Some explanation about links to files (Amazon, Cloudfire?) and privacy settings?

Hi, I’m wondering if someone can give me an explanation as to why I get two different links to the same image, depending on from where you access the image (Database link or exposing Data api).

I have included a new field type image inside a data type. To access that image a get this link from the database (link is not real),

If I expose my Data api i get this link in the JSON (link is not real),

Why are these two links different? One uses amazon and the other cloudfront.

My other question is why are these links accessible if I have privacy rules that only give access to those files if the user is logged in? What am I missing? Is this a bug?


Anyone or someone from Bubble @eve have an explanation for this?

Images are still visible.


What I think:
If you enable cloudflare, the link store in DB is amazon, but when you reach if from Bubble, this will use cloudflare for performance reason.
About privacy: Did you try to enter the url into a different browser / session? Don’t forget that when you open the link in the same browser session that you already logged in with Bubble, it will work, you are logged in. Try to log out and try to fetch the link. Also, be sure that you use attach file feature in uploader.

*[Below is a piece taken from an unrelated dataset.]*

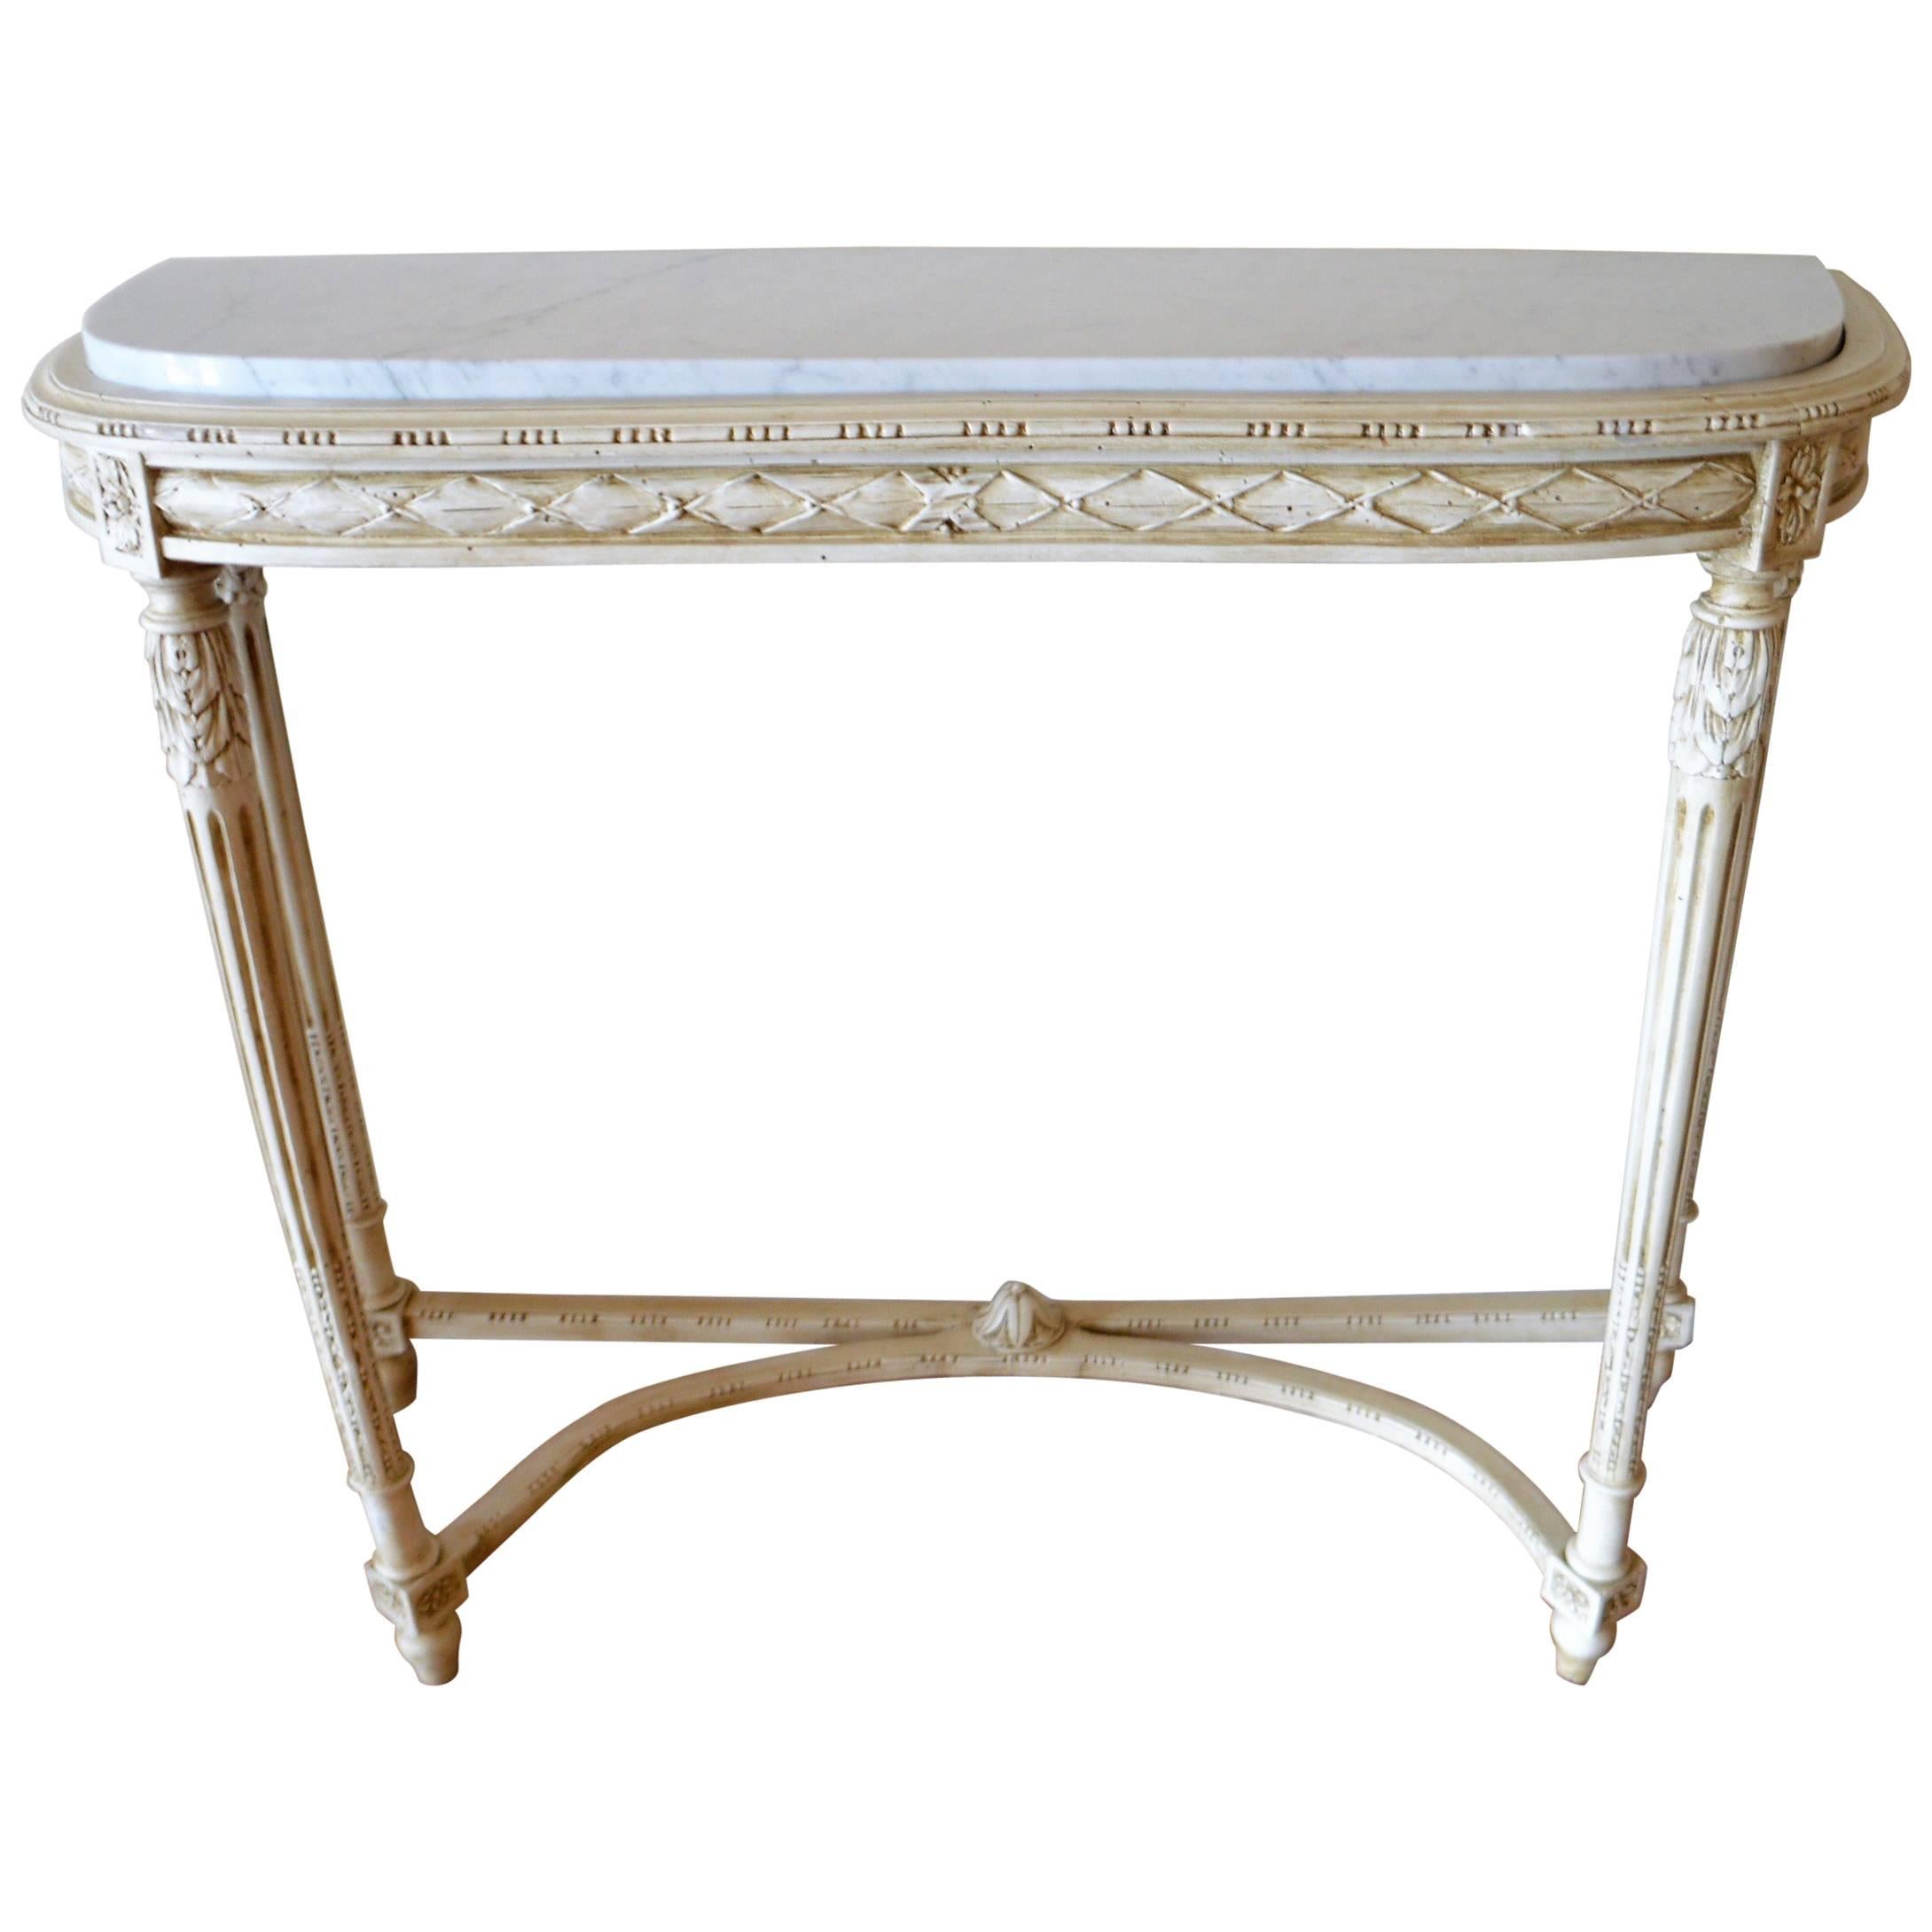 Louis XVI Style Painted Console Table with Carrara Marble Top

Thanks @Jici for the reply and the explanation about the links.

In relation to privacy and permissions, I opened the image in a new incognito window (user not logged in) and I can still see the image. What exactly do you mean with ‘use attach file feature in uploader’? The image is saved as a new field in a data type. I will pass this on to bubble as a bug to see what they say.


With the uploader element (to upload a file) There’S an attach file to field.

I generally “attached to current user” which provides privacy around the file. Once you have this setup, try opening the file in another browser or not being logged in. You should see an unauthorized error.

1 Like

Thanks @Jici and @gilles, but I’m confused. I don’t want users to be able to attach images. They are images that already exist in a custom data type but I want them to be only accessible by logged in users.

Am I understanding that I first have to upload the images to the custom data type as a user and then delete the file uploader element? Is that that what you are saying? Is this normal? Surely this can’t be right if there is aleady a privacy rule applied to a custom data type, but its not applied to an image field, right?


Read this first and this section:
Make this file private

Thanks @Jici,

So if I understand correctly, if I want to upload private images to a custom data type (A static list used across my application), I can’t simply upload the images directly to the database and make them private, instead I have to create a page with a repeating group and use the file or picture element to manually upload the files privately to the database and then delete the page (why would I want the page, right?) since this list will be used for a dropdown like a list of countries or days of the week.

I sent an email to Bubble because this method seems totally twisted. I understand it if you want to do this from the Frontend for the end user, but this makes no sense if you simply want to add a list of private images through the backend dependent on permissions.



Hi Mangoly, there was a response from the bubble?

Yep @climaagil.bubble, the only way is the one mentioned in my early post.